Hacker News new | past | comments | ask | show | jobs | submit login
How CockroachDB Does Distributed, Atomic Transactions (cockroachlabs.com)
147 points by orangechairs on Sept 2, 2015 | hide | past | web | favorite | 32 comments

This is the transaction protocol from Google Percolator - with slightly different wording. I don't know if that's a well known fact but I was surprised they did not even mention it. OSDI Paper on Percolator: https://www.usenix.org/legacy/event/osdi10/tech/full_papers/...

Percolator is the processing system Google uses to manage its search index incrementally. It's built on BigTable which provides cell-level linearizability, similar to what CockroachDB seems to achieve by using Raft.

What CockroachDB calls "intents" are per-value columns called "write" in Percolator and ordered by BigTables timestamp system. Percolators "master lock" is rebranded to "switch" and, tada, there you have CockroachDBs fancy lockless algorithm.

Edit: Amazon DynamoDB, too, uses a very similar approach to this in their client-driven transaction implementation https://github.com/awslabs/dynamodb-transactions/blob/master...

It would be interesting to have one of the CochroachDB guys comment on the novelty of their approach.

Post author here:

In terms of Google products, CockroachDB much more closely resembles a combination Spanner (http://research.google.com/archive/spanner.html) and F1 (http://research.google.com/pubs/pub41344.html). However, while we do share many traits with these systems (a consistently replicated, transactional key/value store with a SQL interface), our internal transactional model is actually quite different.

If you're interested in some of the papers that inspired CockroachDB's transactional model, we have mentioned a number of them in our design doc (https://github.com/cockroachdb/cockroach/blob/master/docs/de...).

As for Percolator, that system is not a general purpose database but an "incremental processor" for large datasets (such as a web crawler).
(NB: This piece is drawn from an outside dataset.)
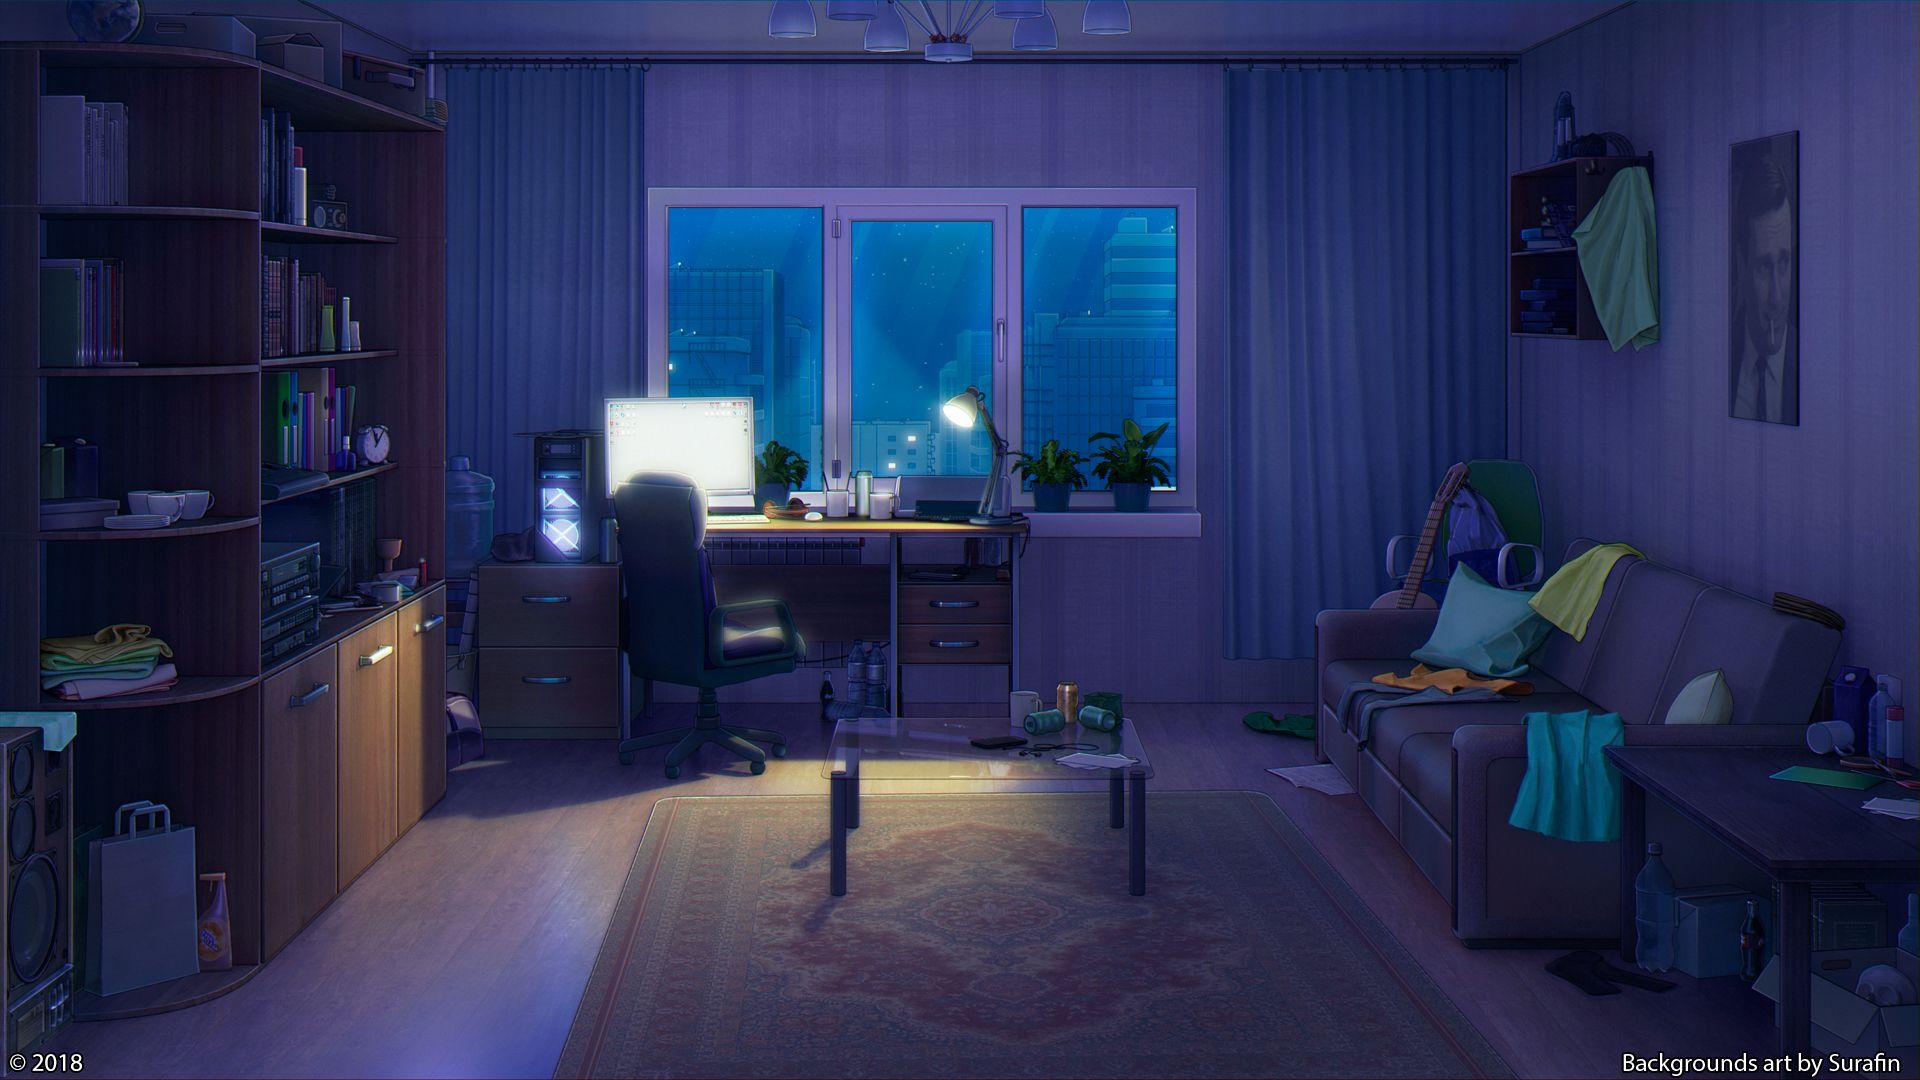 Living Room Night By Surafin On Deviantart In 2020 Living

While it does use a snapshot transaction system internally, it appears to use real exclusive access locks, which CockroachDB does not use. Our write intents are not locks, because they do not guarantee exclusive access to a resource (I've expanded on this in another comment on the blog: http://www.cockroachlabs.com/blog/how-cockroachdb-distribute...)

We are not claiming our transaction model to be exceptionally novel, this post is just trying to shed light on a specific property of that model.
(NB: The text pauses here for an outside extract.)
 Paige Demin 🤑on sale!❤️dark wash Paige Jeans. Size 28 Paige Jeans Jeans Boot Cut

I don't think either CockroachDB or Percolator is claiming any novelty for this basic approach. The Percolator article cites another paper from 1981 that discusses essentially the same idea. (I think it's the same, at least -- the writing is pretty terse, and I've only skimmed it so far.)


Many of the general principles for this kind of distributed database have been known for decades; the key to making it practical is in the details.

The idea is pretty simple. For example, long time ago when Zookeeper didn't support multi key transaction I had to implement them and came to the same algorithm - http://rystsov.info/2012/09/01/cas.html.

It would be great to know its name to simplify communication with the colleagues, do you know it?

Amazon doesn't mention Google or Percolator either.

But are they written in Go?

Thank you for sharing your strategy for concurrent transactions. It's a very interesting topic :)

I see however some possible pain points in this strategy. My main concerns are:

* This looks to me a lot like some poor (no pun intended) form of MVCC (https://en.wikipedia.org/wiki/Multiversion_concurrency_contr...). Basically, it supports only two "V"s, the "on" and "off", while "normal" MVCC implementations support as many as required.

* Related to the above, I don't see how you can support more than one overlapping tx with this strategy. Sure, I'll keep tuned for the next post on this topic, but I fail to see how --without exclusive locking-- it could be done based on these principles.

* Every read seems like it needs to check the switch. I understand this might be expensive, specially if there is a concurrent modification in progress. Keys are co-located in the node, but they still require random access.

* It looks like even aborted transactions require writes to the database. And every transaction requires at least two writes (the write intent and its consolidation to the key). I don't expect good performance here.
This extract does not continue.